Welcome aboard, Scott!


----------



## Urbantribesman (Apr 26, 2005)

Thank you for the welcome,you bolth have very cute kitties


----------



## Jeanie (Jun 18, 2003)

It's great to have all of you with us! Enjoy the forums.


----------



## kitkat (Sep 22, 2003)

Welcome to the forum Scott. It's great when we have couples on the forum


----------



## dmcwlvssr (Apr 24, 2005)

welcome to the board


----------



## Megan1216 (Nov 28, 2004)

Welcome, Scott! Glad you could join us. I hope you like it here.  Please
post pictures of your kitties.


----------



## Lori (Jun 8, 2003)

Welcome!


----------



## Mitts & Tess (Sep 4, 2004)

Welcome Scott. Its nice to have another male voice on Cat Forum!


----------



## Urbantribesman (Apr 26, 2005)

Thank you all for the warm welcome I am looking forward to talking with everyone in the forum. 

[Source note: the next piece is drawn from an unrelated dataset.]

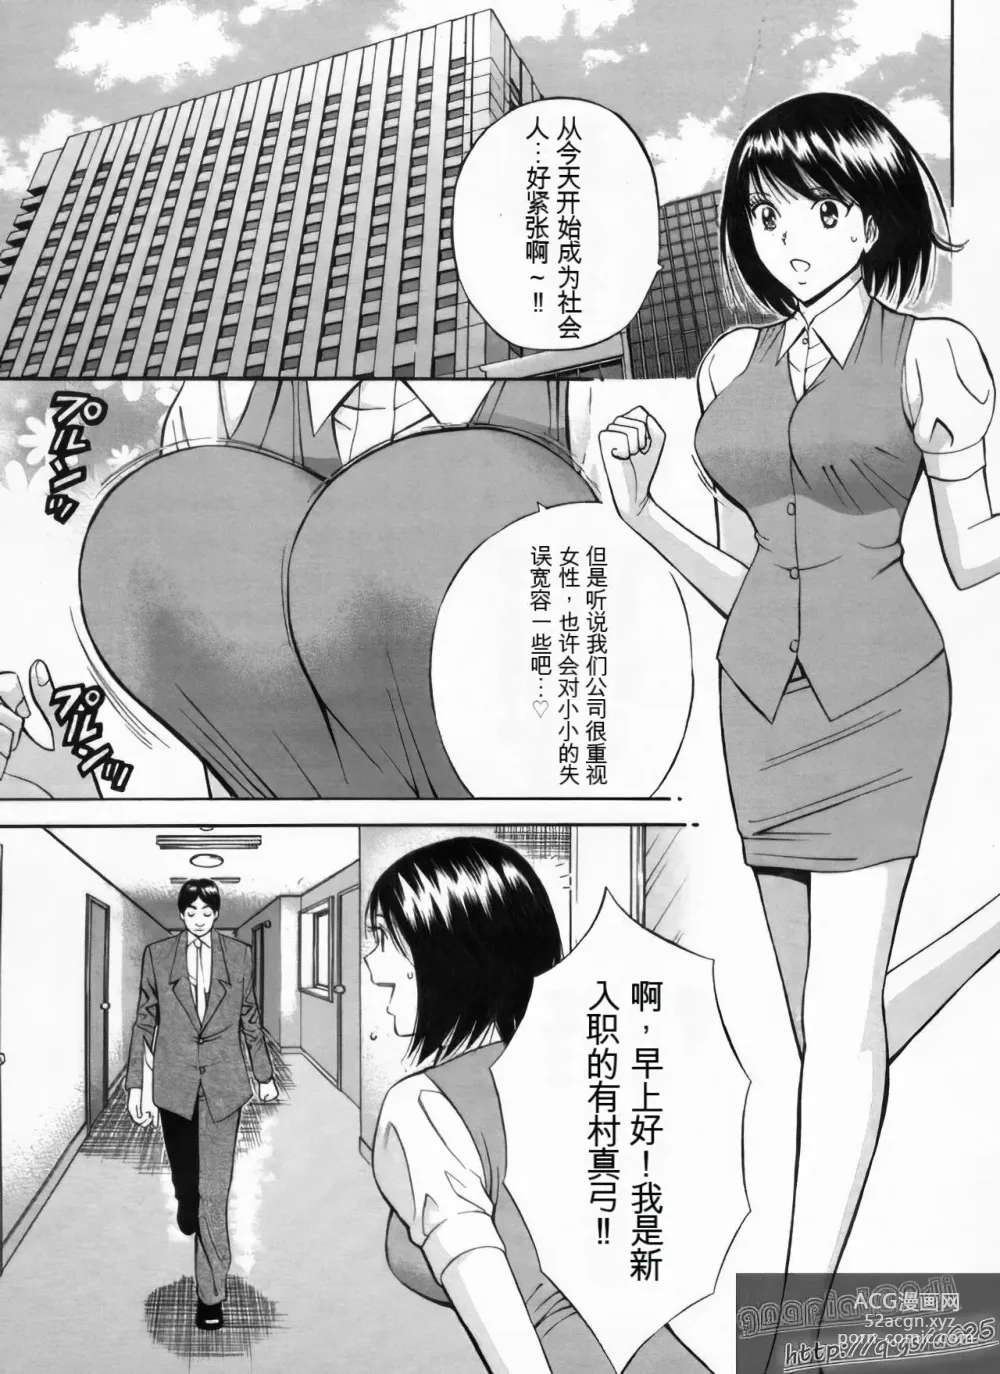 Page 162 of manga Chounyuu Bakunyuu Kabushikigaisha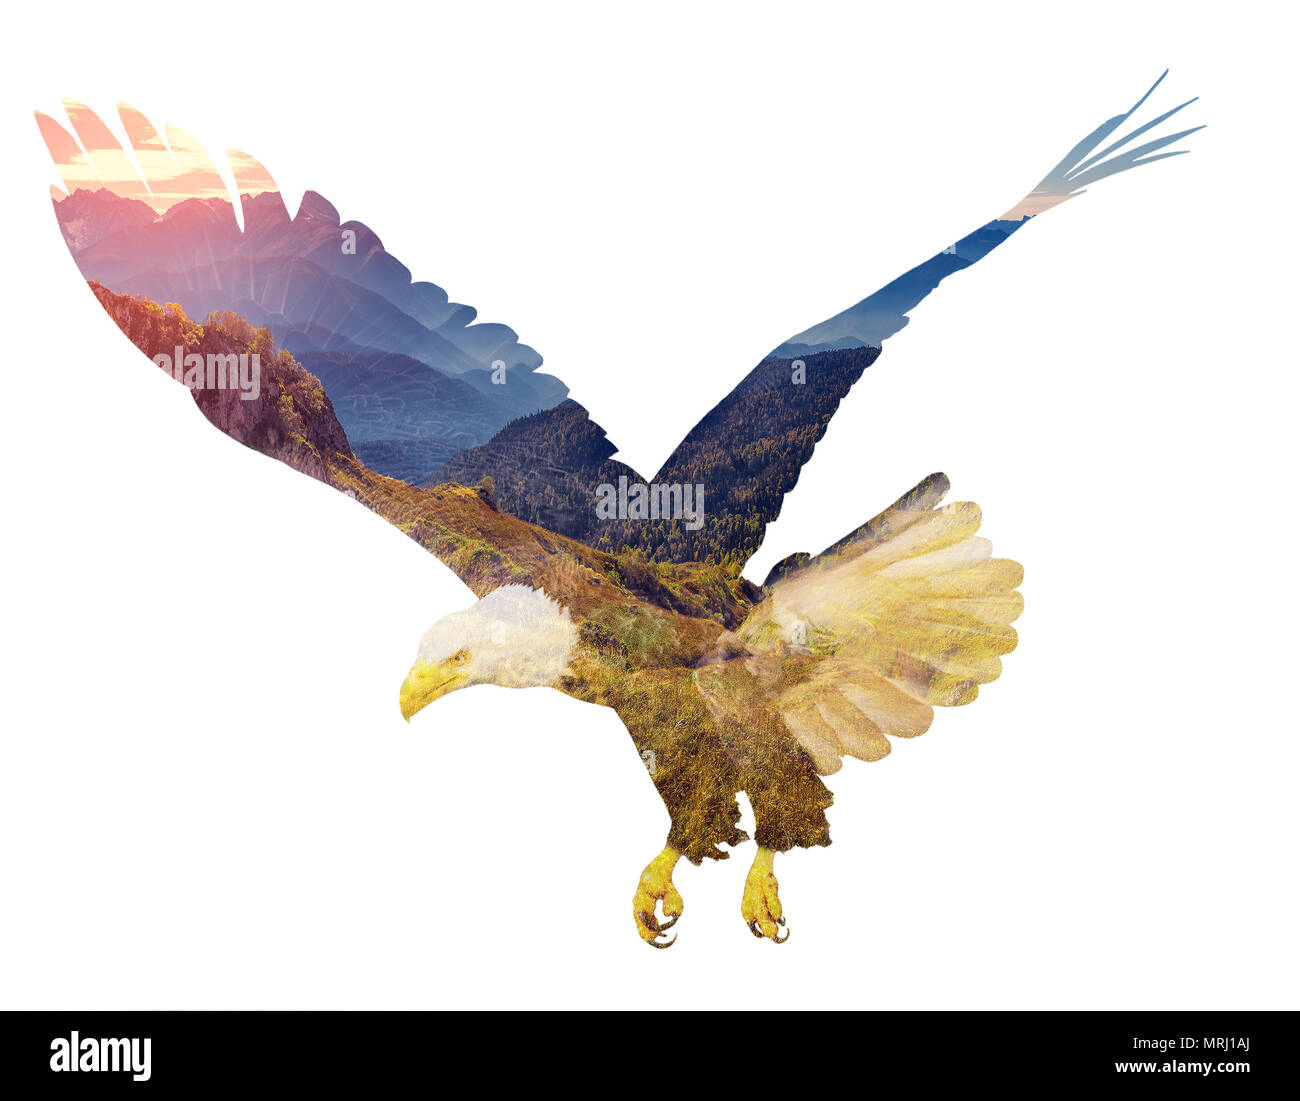 Adler auf weißem backgroun. Doppelt belichtete Abbildung. Stockfoto

> Welcome, Scott! Glad you could join us. I hope you like it here. Please
> post pictures of your kitties.


Check out my post in meet my kitty and you can also check out this thread http://www.catforum.com/viewtopic.php?t=18627


> Welcome Scott. Its nice to have another male voice on Cat Forum!


Likewise.


----------



## icklemiss21 (Aug 29, 2004)

Welcome Scott,


----------